AUDIENCE: I know we're towards the end. But I had a question about when a clinician is trying to label data, for example, training data, are there any ambiguities ever, where sometimes this is definitely-- this person has RA. This person, I'm not really sure. How do you take that into account when you're actually training a [INAUDIBLE]?
KATHERINE LIAO: Yeah. So we actually have three categories-- definite, possible, and no. So there is always ambiguity. And then you always want to have more than one reviewer. So in clinical trials when you have outcomes, you have what we call adjudication.
So you have some kind of system where you have the first sit down, you have to define the phenotype. Because not everybody is going to agree, even for a really clear disease, how do you define the disease. What are the components that has to happen. For that, they're usually for societies or classification criteria for research.

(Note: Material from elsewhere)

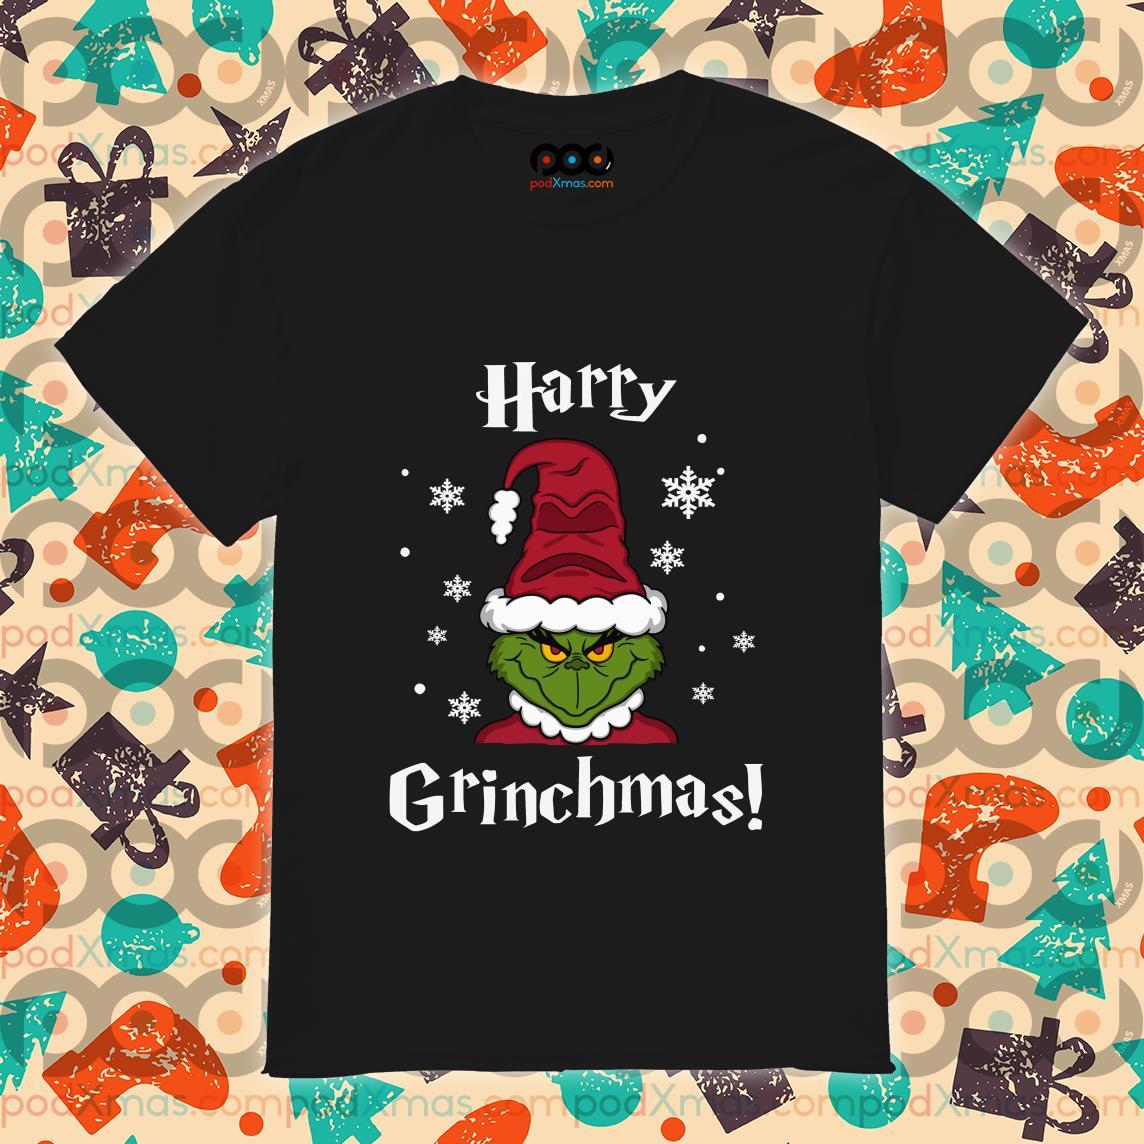 Harry Grinchmas Sorting Hat shirt

So there actually is one for RA, you know, for coronary artery disease. And then it is having those different categories in a very structured system for adjudicating. You know, blindly having two reviewers review 20, you know, let's say 20 of the same notes and look at the integrated reliability. Yeah. That's a big issue.
PETER SZOLOVITS: All right. I think we have expired. So Kat, thank you very much.
KATHERINE LIAO: Yes, thank you, everybody.